Segment Start: INFORMATION SHOWN
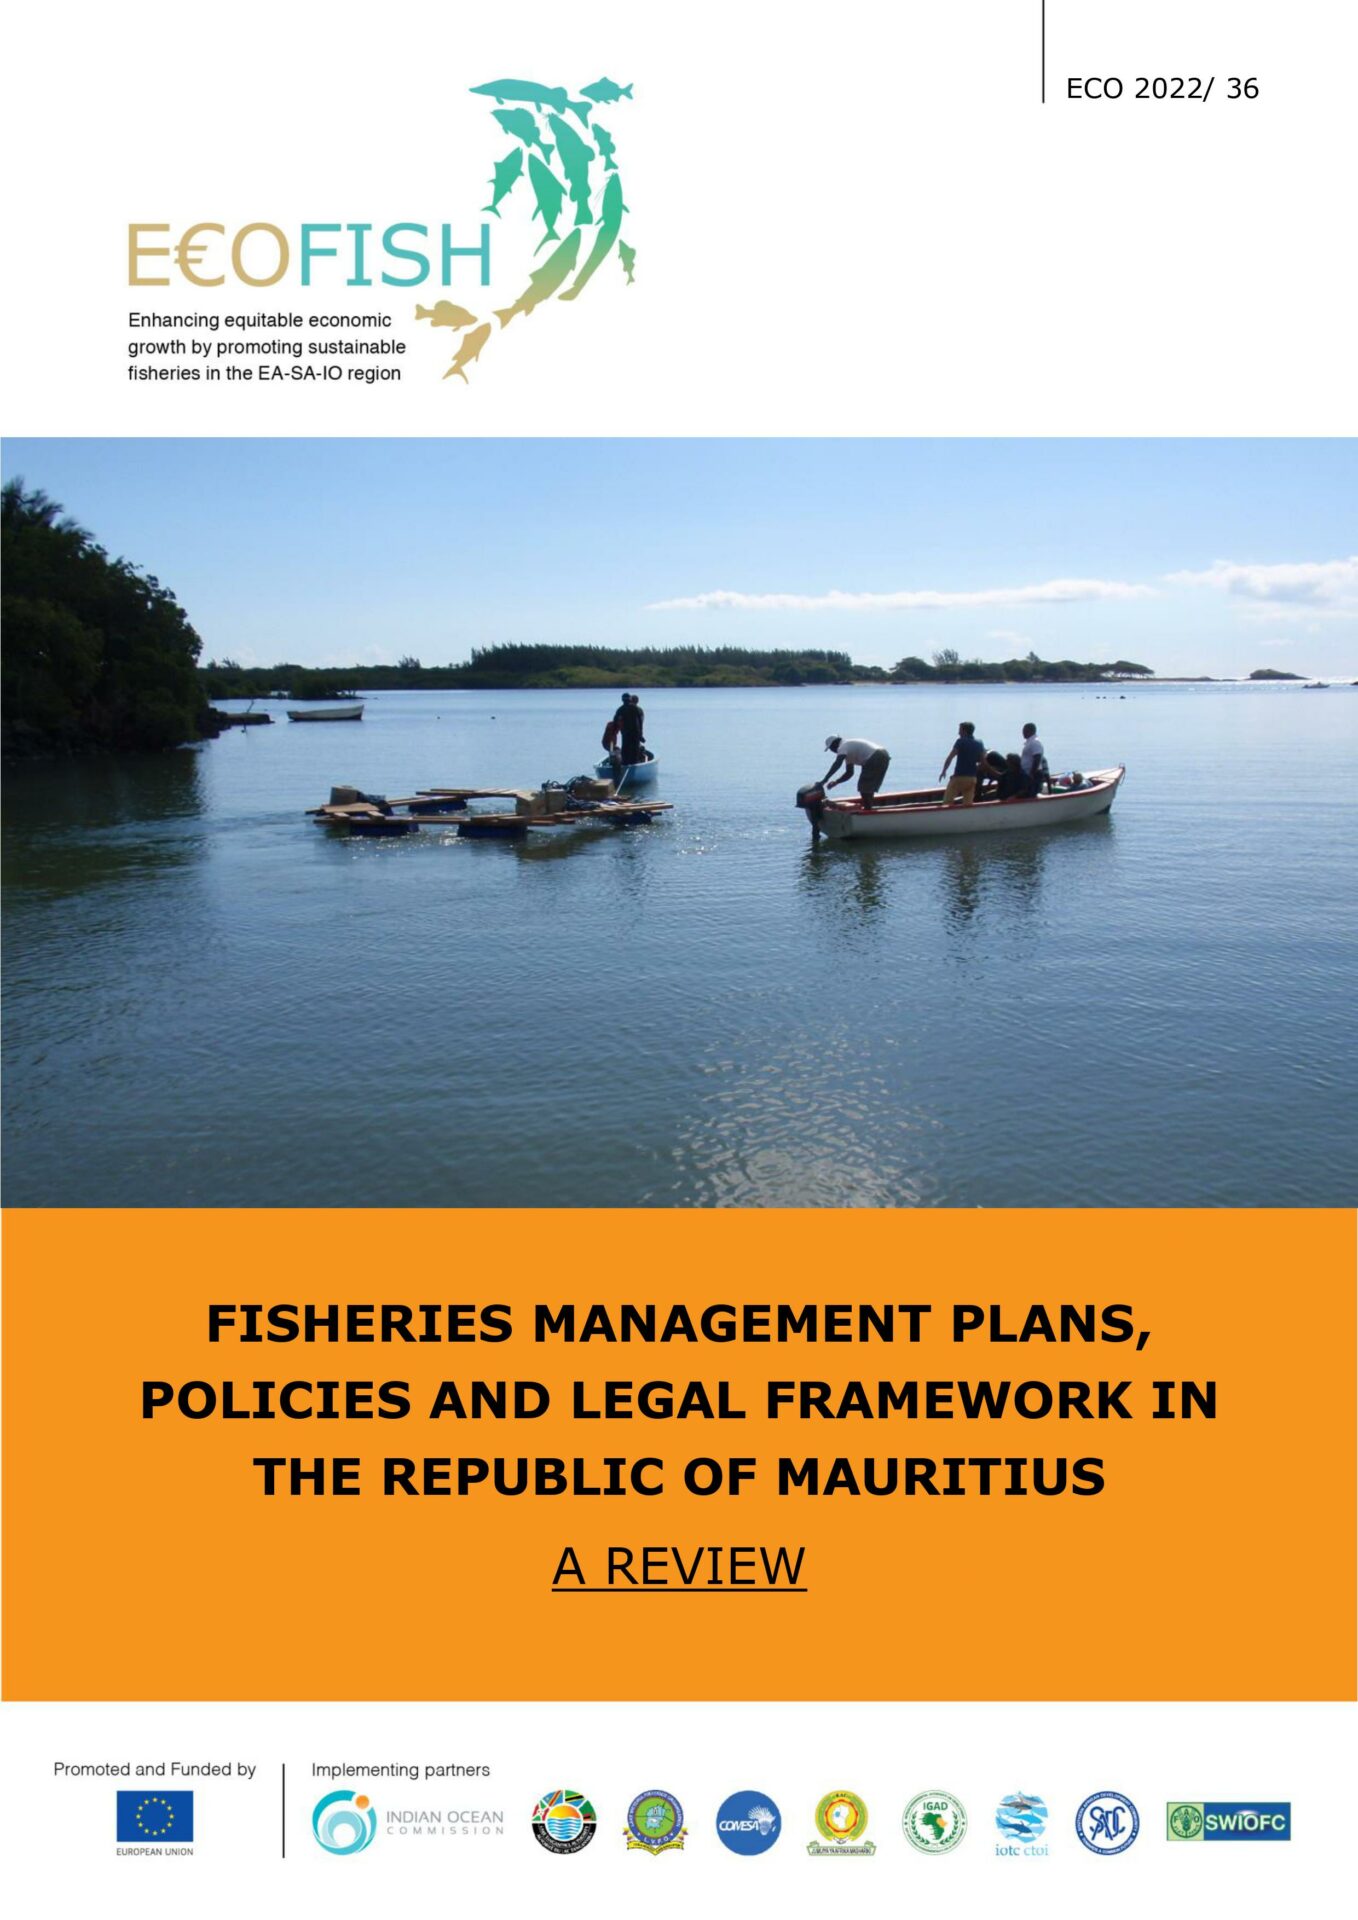 FISHERIES-MANAGEMENT-PLANS-AND-POLICY-FRAMEWORK-FOR-SMALL-SCALE-FISHERIES-IN-new
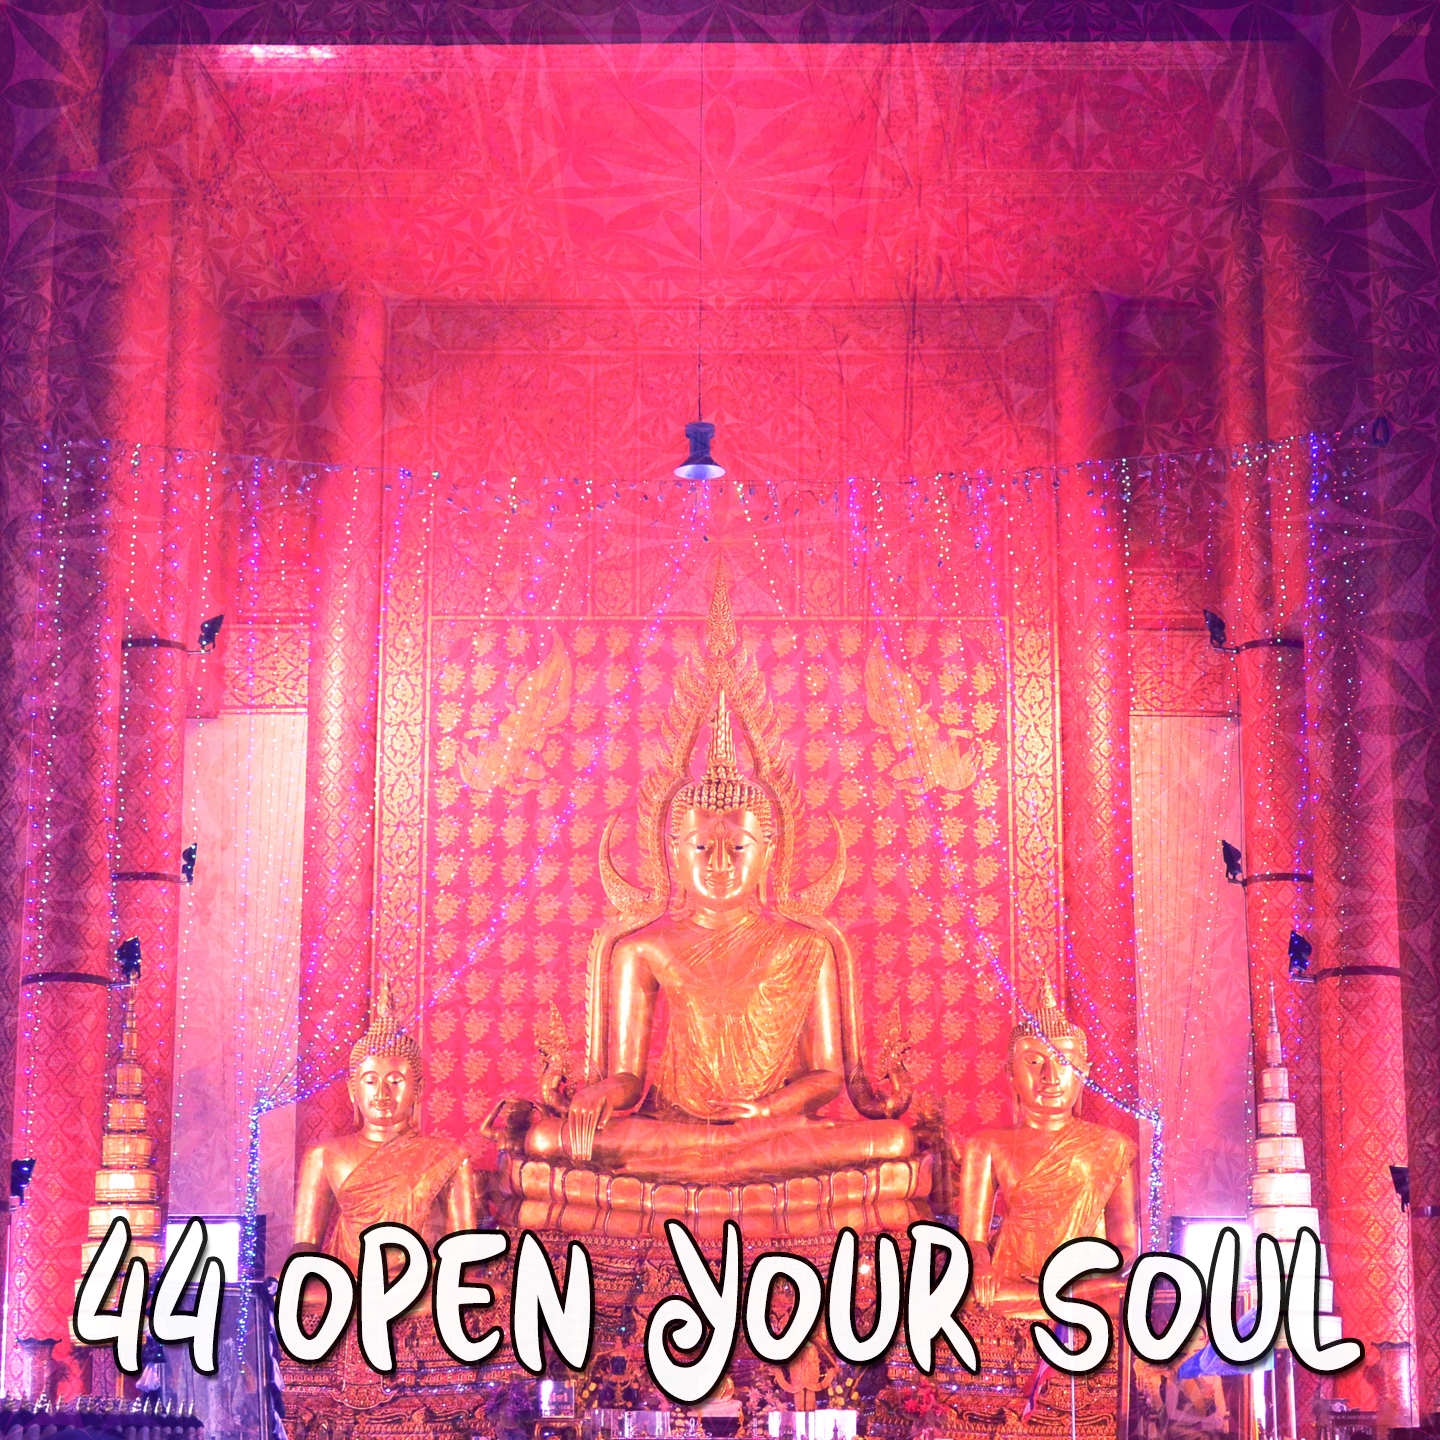 44 Open Your Soul
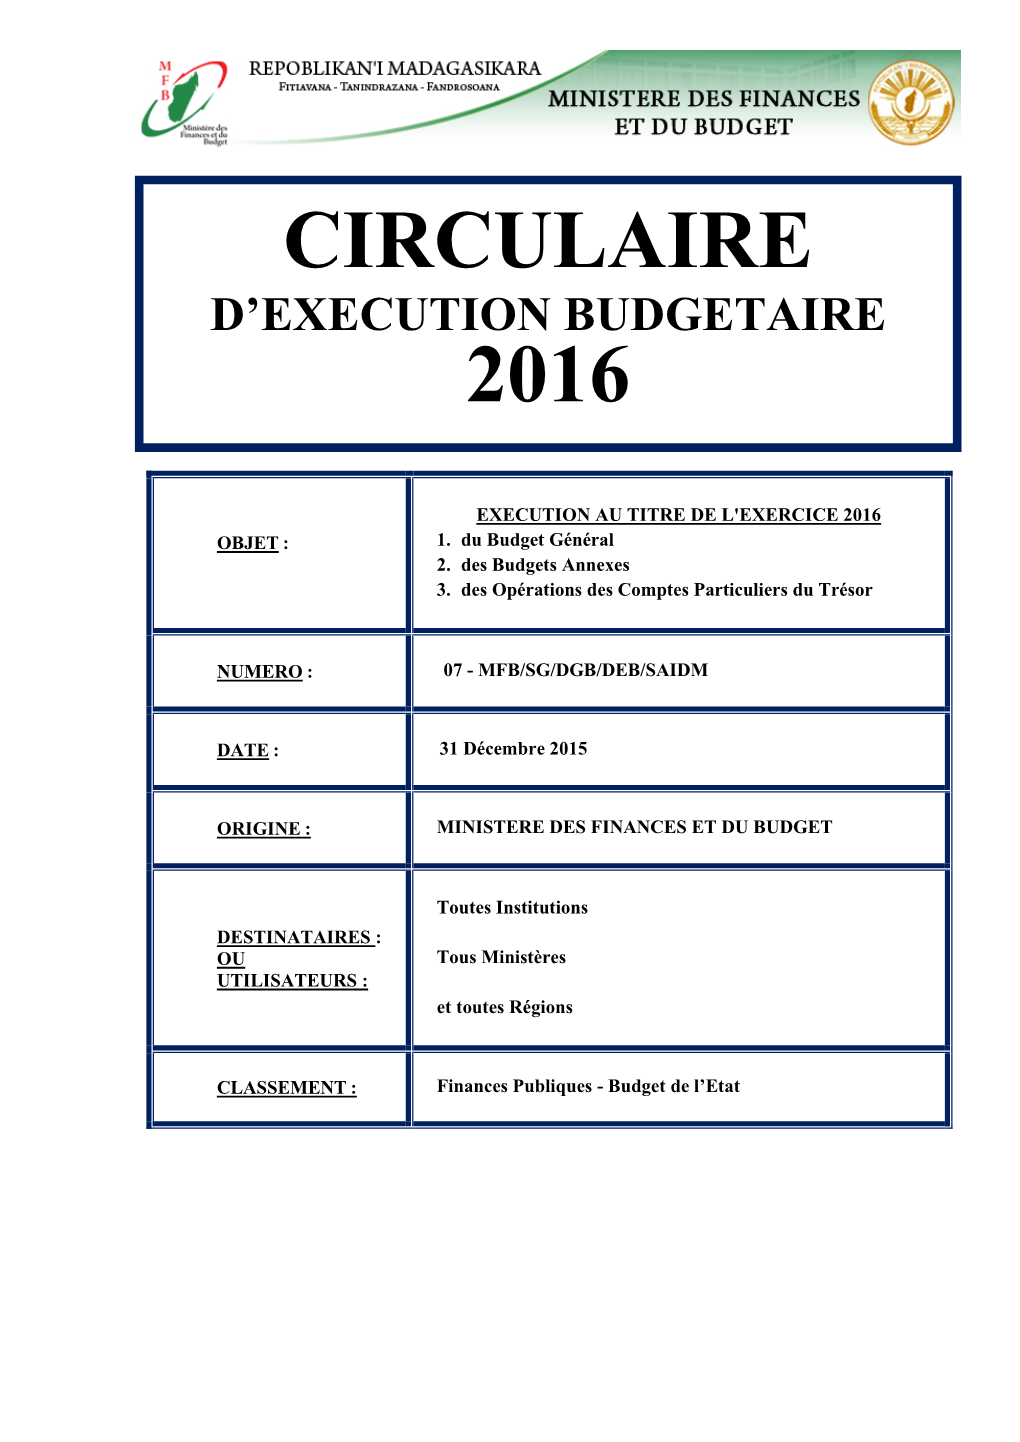 Circulaire D'execution Budgetaire 2016.Pdf
Segment End: INFORMATION SHOWN
HOW TO COMPLETE THIS TASK: Please print the data above once more, exactly and without images.

RESULT OF THIS TASK:
 FISHERIES-MANAGEMENT-PLANS-AND-POLICY-FRAMEWORK-FOR-SMALL-SCALE-FISHERIES-IN-new
 44 Open Your Soul
 Circulaire D'execution Budgetaire 2016.Pdf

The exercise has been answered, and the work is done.